Today’s gospel reading is part of what is called the ‘high priestly prayer’ that Jesus prayed during the Last Supper. John tells us that in this prayer Jesus consecrates himself to his Father as a sacrificial victim offered in order to take away the sin of the world. Following this prayer Jesus goes to be crucified, not as a helpless sufferer of human injustice but as a king offering himself as a voluntary sacrifice in his moment of triumph over evil. He is not only the one who is offered, but also the one who offers himself. He is not only the sacrifice, but also the one who sacrifices.
His priestly prayer is a consecration of himself who he now offers in the sacramental body and blood of the Eucharist, the sacrament he initiated and which maintains the unity of the Church. This is why Catholics believe that sharing in this communion requires participants to believe in the teaching of the Church.
In this prayer Jesus gathers his disciples into his sacrifice and offers them to his Father alongside himself. This is our assurance that he and his disciples are united in his crucifixion. It is not only the original men and women gathered in the Upper Room at the Last Supper that are included in his sacrifice, but the disciples of the Church throughout the ages who are faithful to the teaching of the apostles, and that includes you and me, here right now.
The sacramental bread and wine we are about to receive is the flesh and blood of Jesus that he has given for the life of the world. Through this food Jesus lives in us and we live in him, and those who faithfully persevere to the end will be raised up to be with him on the last day.
In this prayer, Jesus does not pray for the world, he prays for his disciples whom the Father has given him because they are to be his agents in the world and they would be sealed and strengthened by his promised gift of the Holy Spirit. When we are confirmed the bishop or priest anoints us with oil and says, ‘be sealed with the gift of the Holy Spirit.’ All this is good news.
But there is some bad news. Although Jesus on the Cross loosened the absolute grip of evil over the world, evil still makes its presence felt both in the world and in the Church.
Our second reading indicates that it was not long after Pentecost before the Church faced persecution because the teachings of the Church challenged the lifestyle and culture of the world. Discipleship means sharing in the suffering of Jesus in the continuing struggle against evil.

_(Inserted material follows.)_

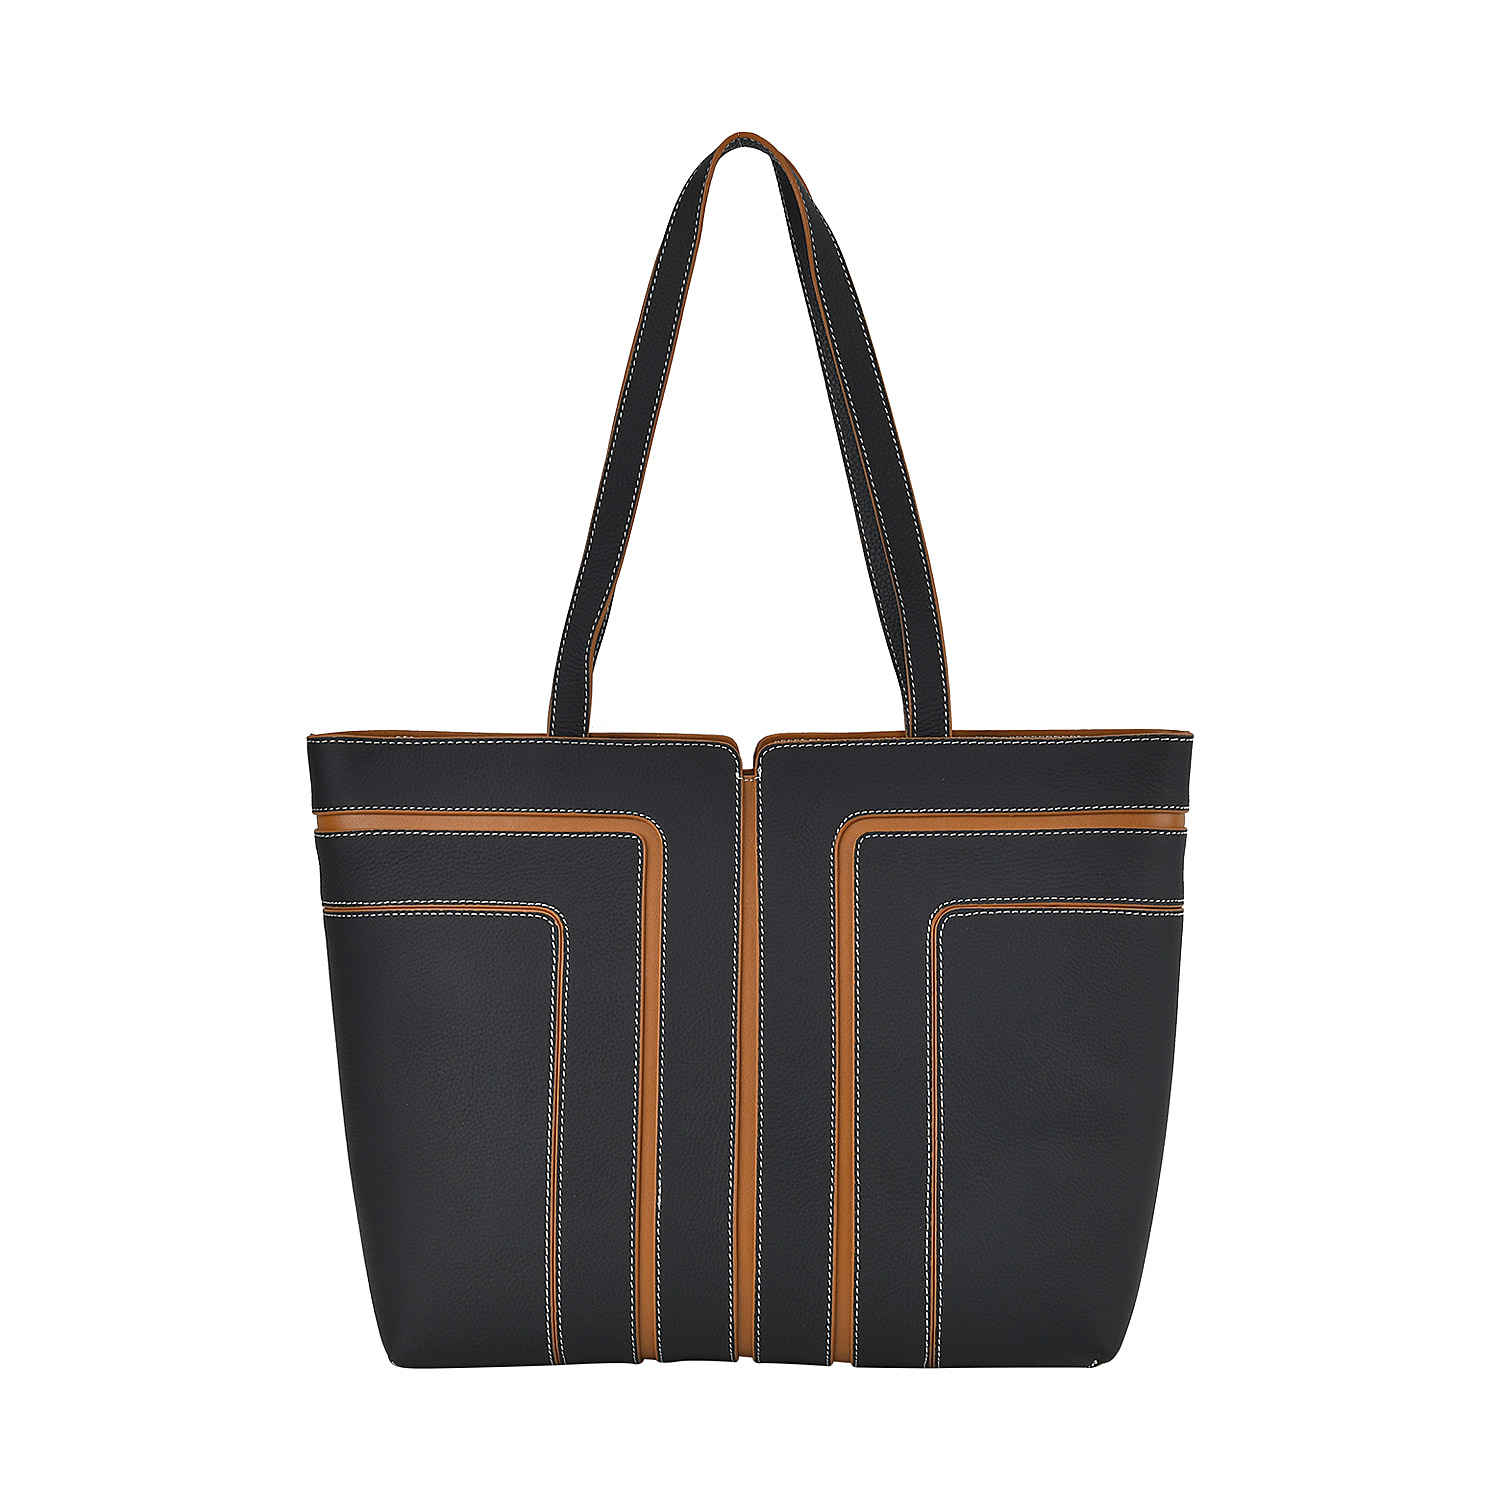 Leather-Patterned-Tote-Bag-Size-32x12x28-cm-Black-Black

In our own time, while accepting that some of the hostility the Church faces is a result of the sinfulness of some disciples, this self-inflicted failure makes it much easier for those who are intent on destroying the Church to conceal their true motives.
The Catholic Church is suffering much more of a witch-hunt than any other institution partly because it is a much bigger target. It is Universal with an identifiable head whereas that is not true for other Christian groups. Yet the real reason for the hostility is because the Catholic Faith and the Social teaching that flows from that faith openly challenges the self-centered individualistic morality of the secular progressive elites in Western society.
We must thank God for the Magisterium of the Catholic Church and pray for those bishops, faithful priests and laity who continue to uphold the teaching of the Church while exploring appropriate pastoral ways to apply that teaching. The Church will not be overcome but if the forces of secularism and their Catholic sympathisers have their way, it will crumble like the Children of Israel did before their exile and as some Christian Church have already done.
As we wait to celebrate the empowerment of the Church at Pentecost, let us pray that we might be steadfast, unmovable, always doing the work of the Lord.